= Provided material =
★ ★ ★ ★
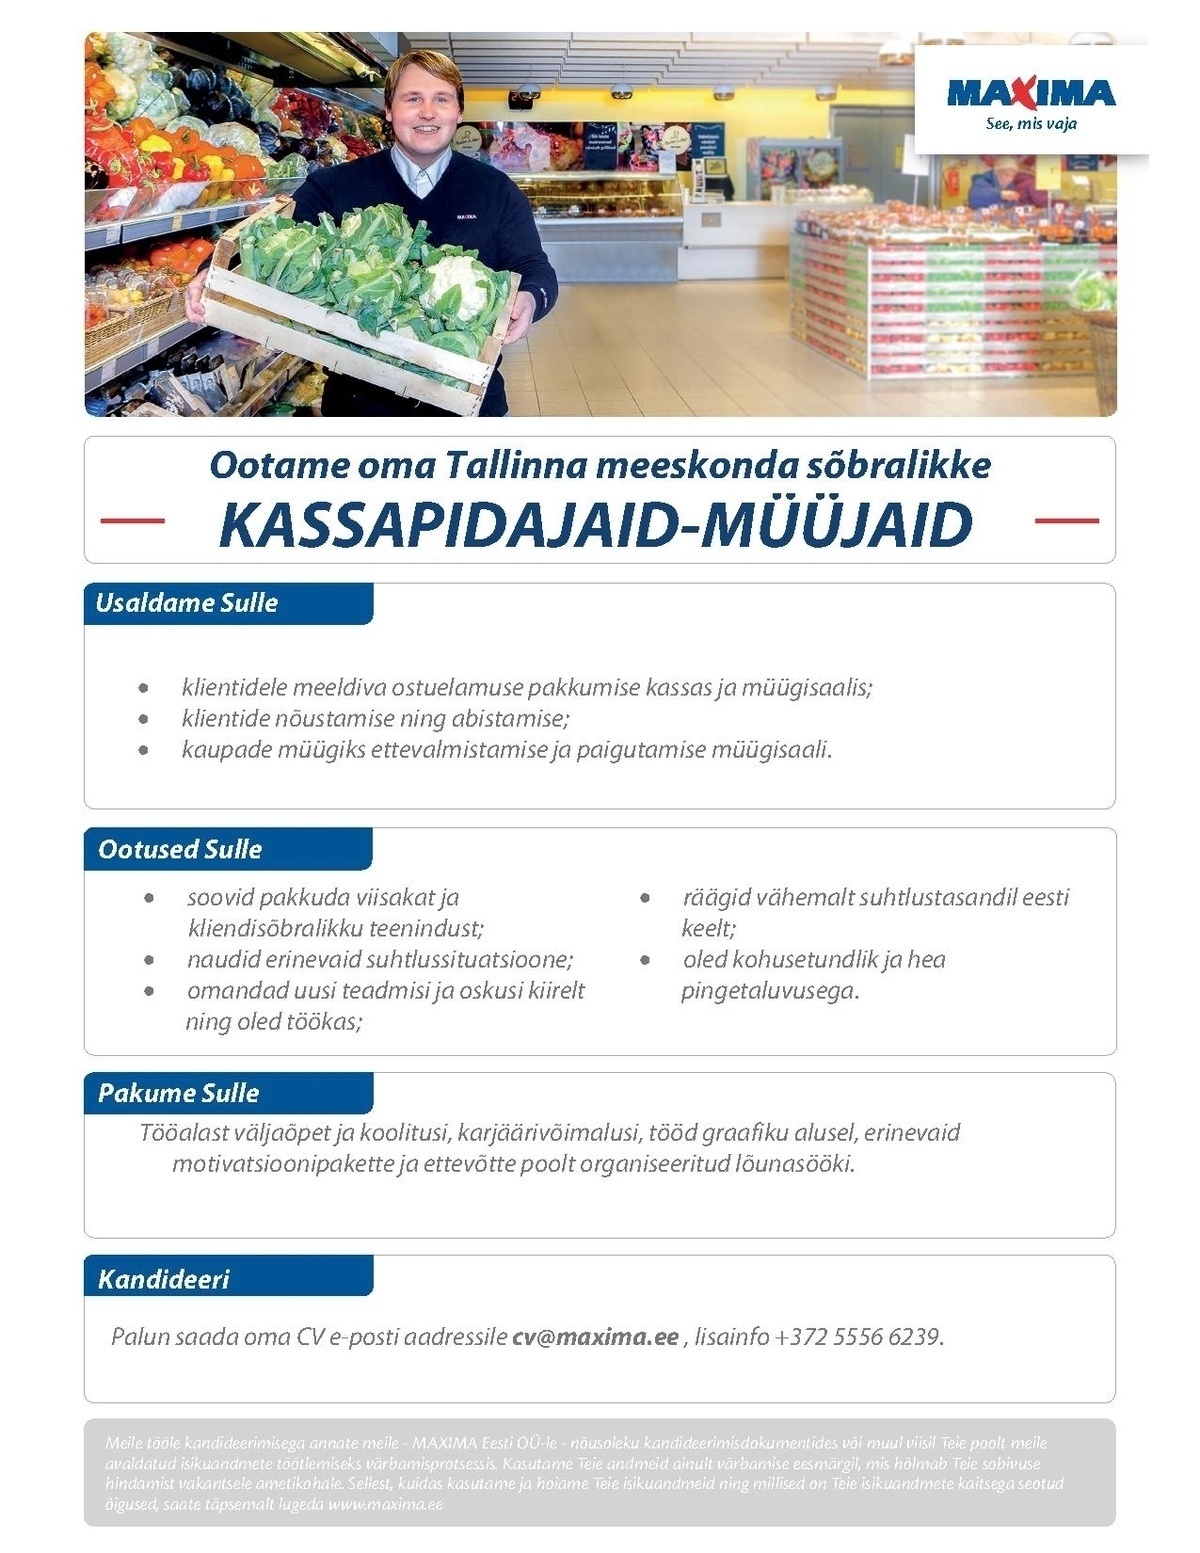 Maxima Eesti OÜ Kassapidaja-müüja Lasnamäe Maximas (Smuuli 9)
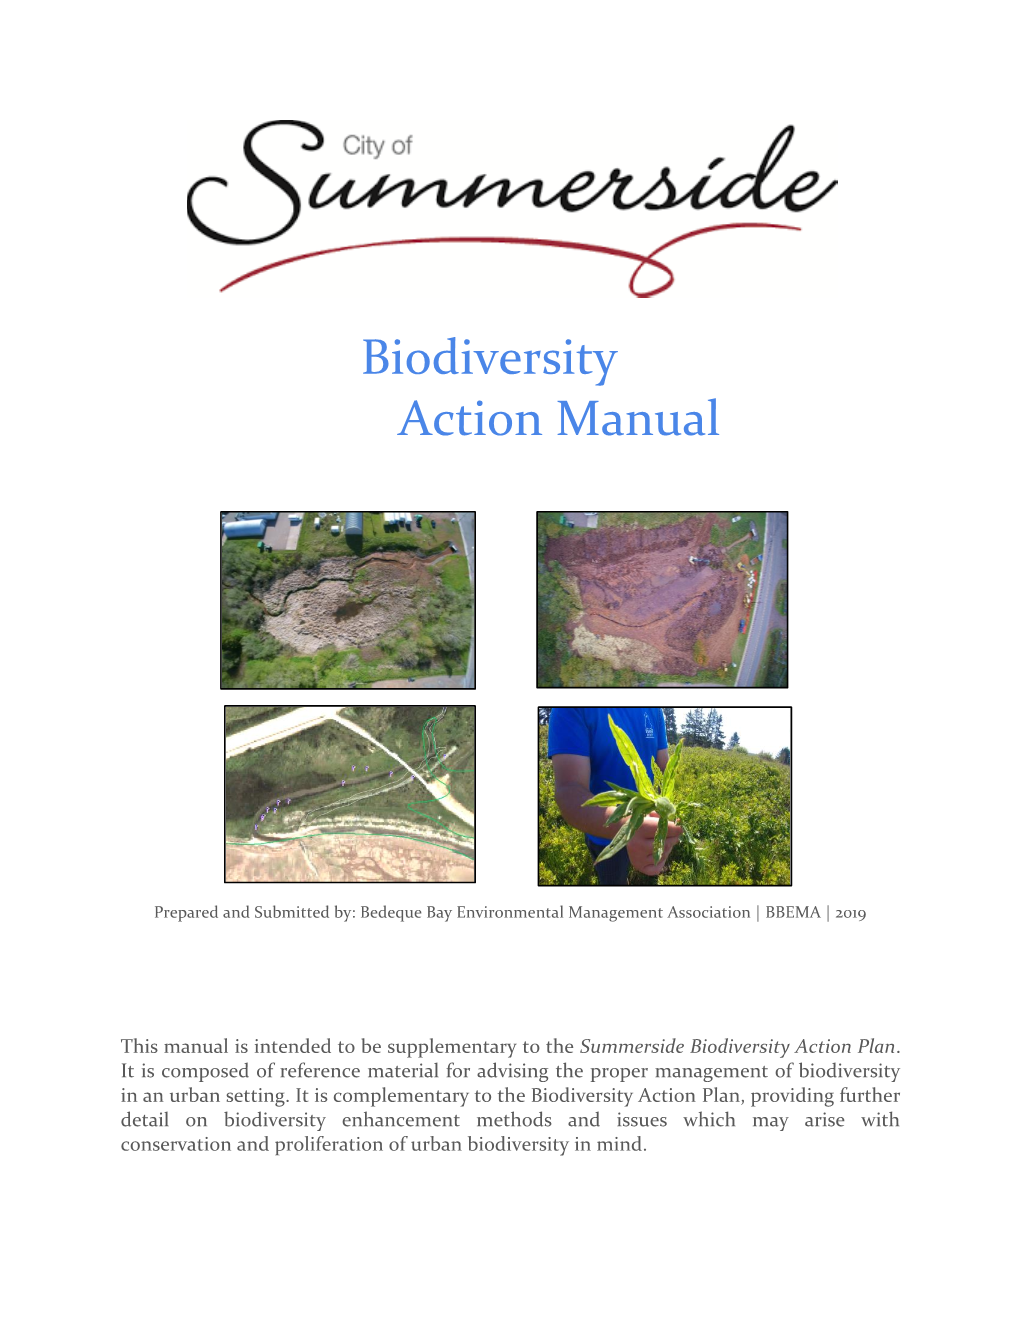 Summerside Biodiversity Action Manual.Docx
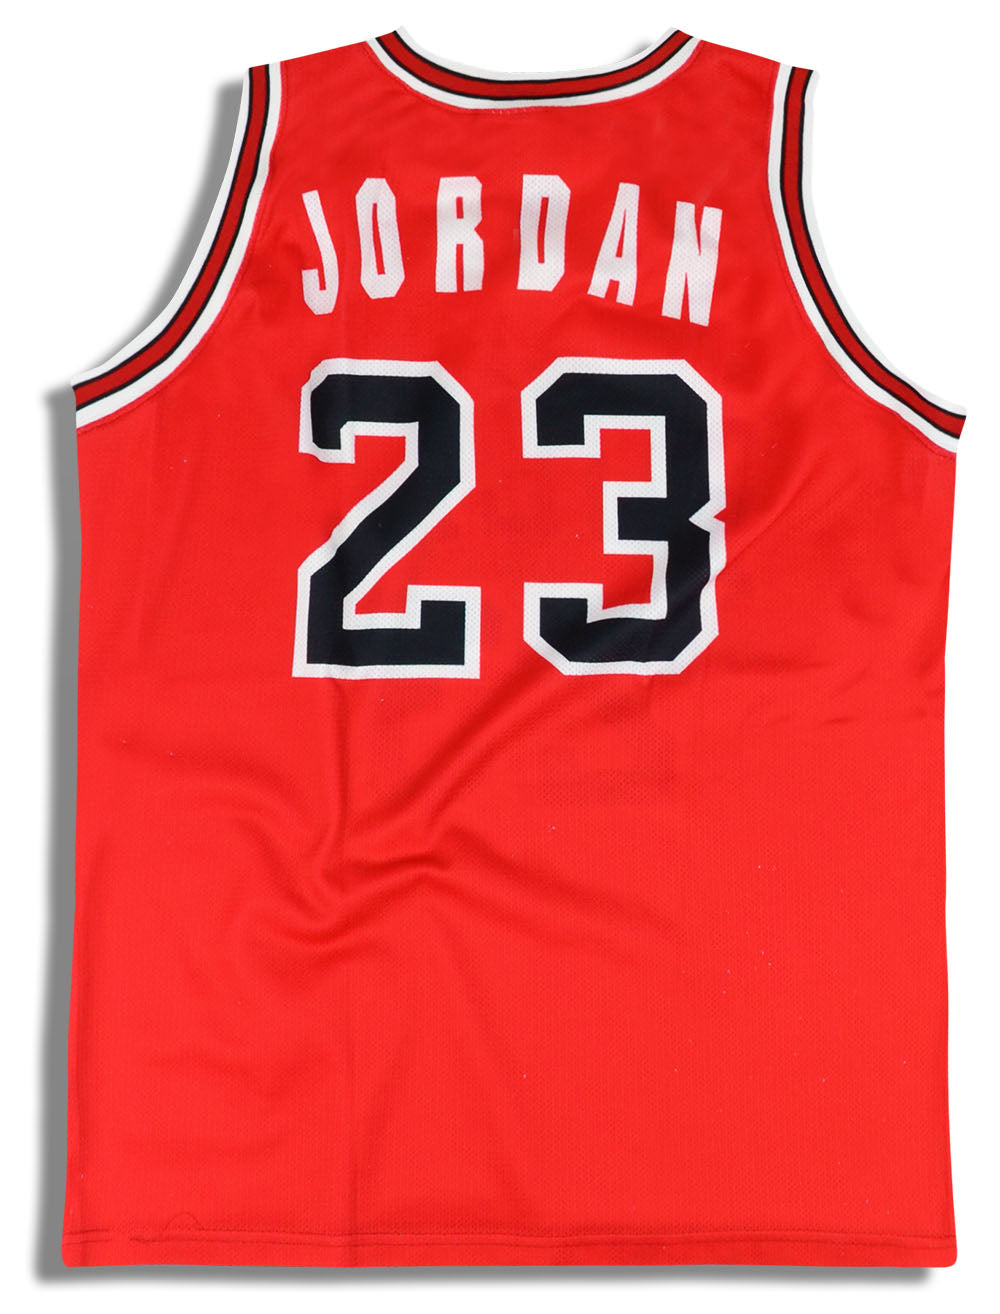 Michael Jordan Chicago Bulls Throwback Jerseys
★ ★ ★ ★
= Task instructions =
When you retype the listing, keep every line exactly as it is and drop the pictures.

= Solution to this problem =
 Maxima Eesti OÜ Kassapidaja-müüja Lasnamäe Maximas (Smuuli 9)
 Summerside Biodiversity Action Manual.Docx
 Michael Jordan Chicago Bulls Throwback Jerseys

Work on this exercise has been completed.